An Efficient Sampling-based Method for Online Informative Path Planning in Unknown Environments
This work addresses the challenge of sub-optimal trajectories and local minima in sampling-based path planning for robot autonomy, with applications in exploration and reconstruction, though it appears incremental as it builds on existing RRT* concepts.
The paper tackles the problem of online informative path planning for robots in unknown environments by proposing a new RRT*-inspired algorithm that achieves global coverage and maximizes path utility, outperforming state-of-the-art methods in autonomous indoor exploration and 3D reconstruction tasks.

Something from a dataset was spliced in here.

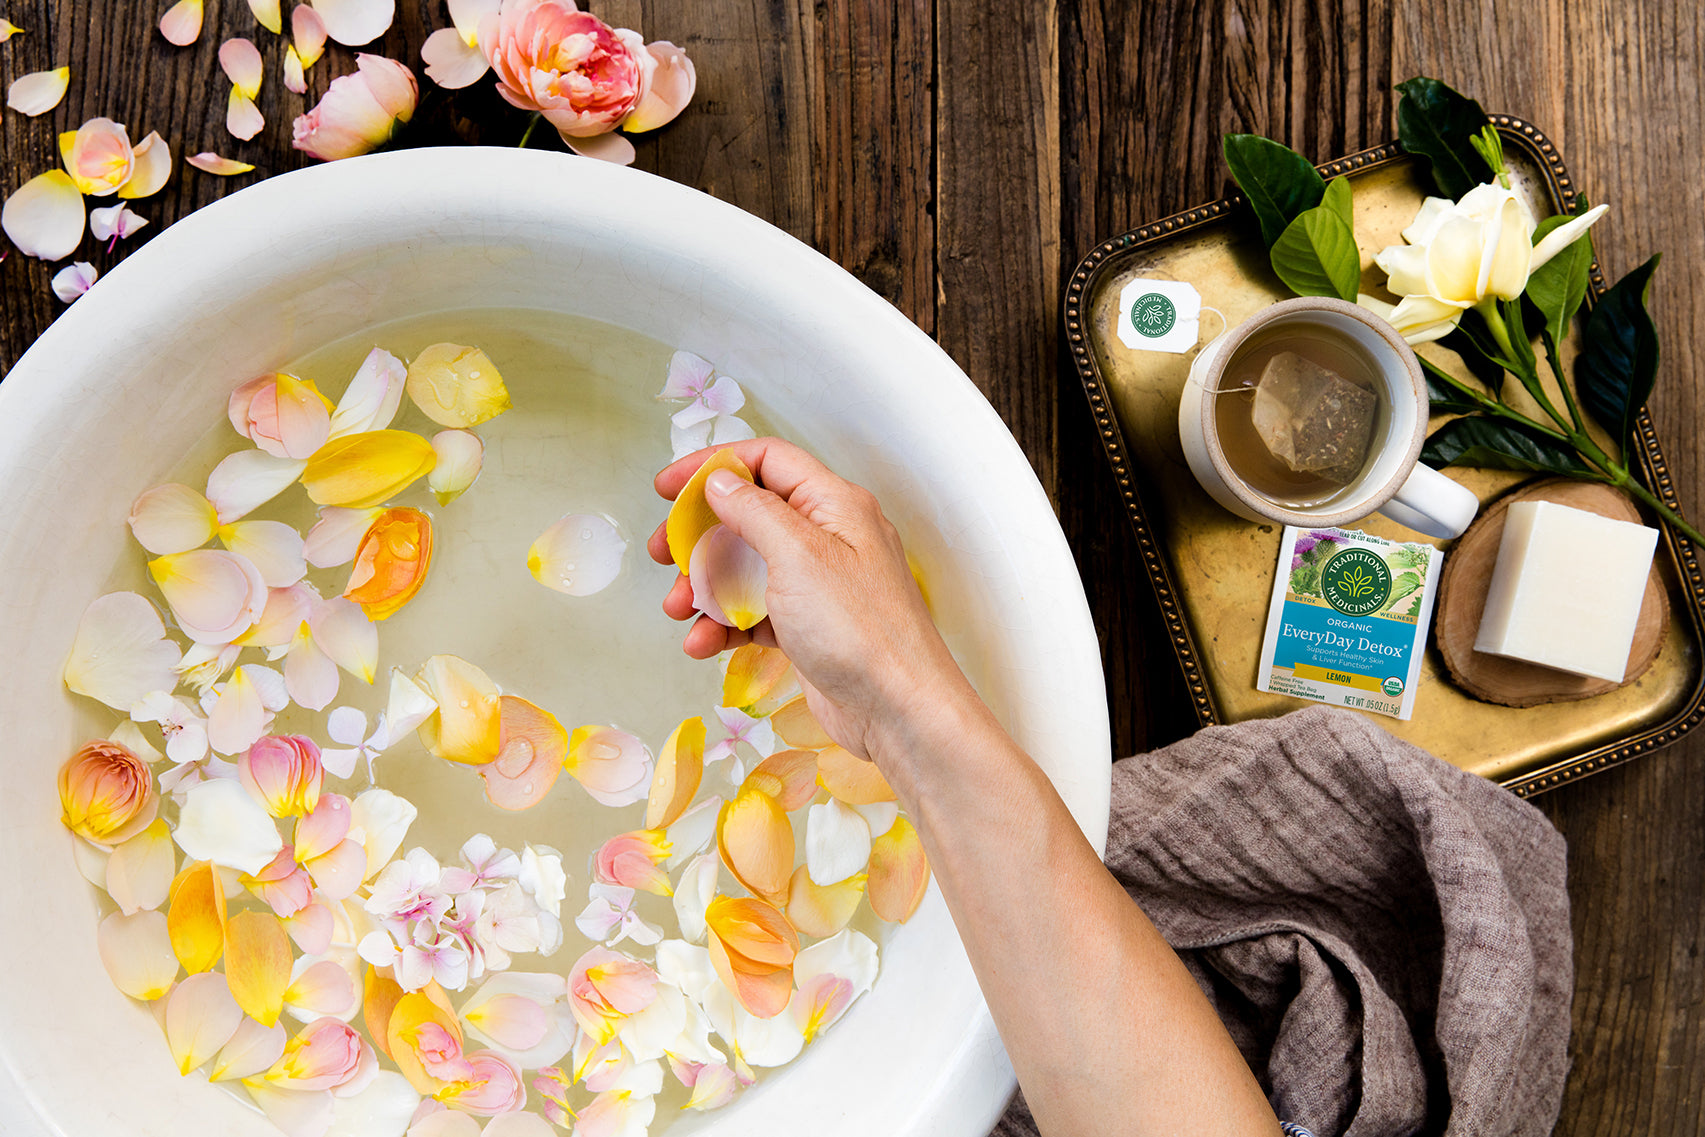 Rose petals floating in large bowl of water with EveryDay Detox tea on table

The ability to plan informative paths online is essential to robot autonomy. In particular, sampling-based approaches are often used as they are capable of using arbitrary information gain formulations. However, they are prone to local minima, resulting in sub-optimal trajectories, and sometimes do not reach global coverage. In this paper, we present a new RRT*-inspired online informative path planning algorithm. Our method continuously expands a single tree of candidate trajectories and rewires segments to maintain the tree and refine intermediate trajectories. This allows the algorithm to achieve global coverage and maximize the utility of a path in a global context, using a single objective function. We demonstrate the algorithm's capabilities in the applications of autonomous indoor exploration as well as accurate Truncated Signed Distance Field (TSDF)-based 3D reconstruction on-board a Micro Aerial vehicle (MAV). We study the impact of commonly used information gain and cost formulations in these scenarios and propose a novel TSDF-based 3D reconstruction gain and cost-utility formulation. Detailed evaluation in realistic simulation environments show that our approach outperforms state of the art methods in these tasks. Experiments on a real MAV demonstrate the ability of our method to robustly plan in real-time, exploring an indoor environment solely with on-board sensing and computation. We make our framework available for future research.